What came after the knotted lamp?
That was the Couch on Canvas, with a slip cover with painted outlines. At the moment, I’m in negotiations with a well-known furniture maker. They’re interested in producing this line. Until then I make one-of-a-kind pieces for art galeries or clients. I’ve done so many projects, such as the LoveSeats line, a range of ceramics called No Meat on Monday and the T-chair and Bugie table which are available in the collection of Italian furniture brand Mogg. I love to create different kind of products and use different kind of materials.
And what is it you’re working on at the moment?

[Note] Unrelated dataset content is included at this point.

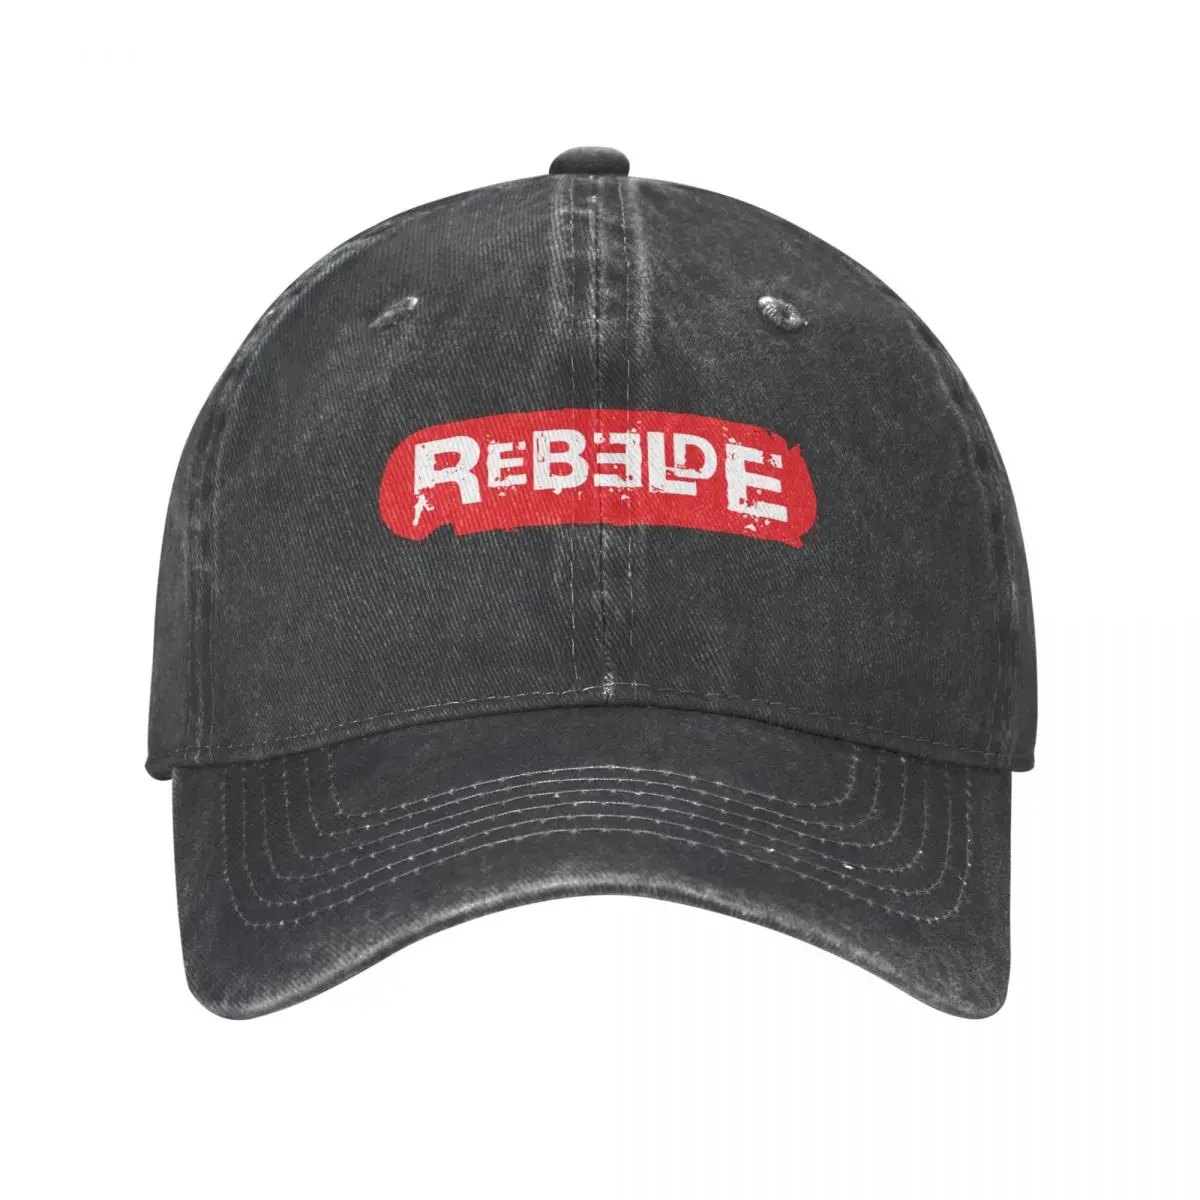 Бейсболка из промытого хлопка с логотипом Rebelde, регулируемая бейсбольная кепка, мужская бейсболка RBD, весенне-осенняя кепка в стиле хип-хоп.

I want to design new products that reflect my style and vision even more. A while ago, I started wondering what it was that I really wanted to do with my work. I started Googling for a business coach and found a project here in Amsterdam that pairs you up with someone from your own field of work. I ended up with none other than designer Richard Hutten as my creative coach. We had some very Nice conversations, although He could be quite blunt. If you want to hear how good your work is, he used to say, just ask for your mother or your friends. Richard’s feedback was very honest and he did teach me a lot.
I loved the clarity with which he showed me my options. He said, if you spend half your time working for others, and half on your own company, you have to realize that switching between two worlds can be difficult.
Having some financial security can be nice as well, I know from experience. But it can make it harder the creative juices flowing.
I’m like that as well. Some of my best ideas don’t come until after I spend a few days sketching and walking around the house. You have to get into it. I don’t worry about it too much, however. You can only do what you are good at. All you have to do is make sure you know what it is you’re standing for and just stick to it. Don’t get distracted by trends. Ignore magazines. Just do what you want to do. Remember this – it’s great when you produce one successful design, but it’s even better when you make another one!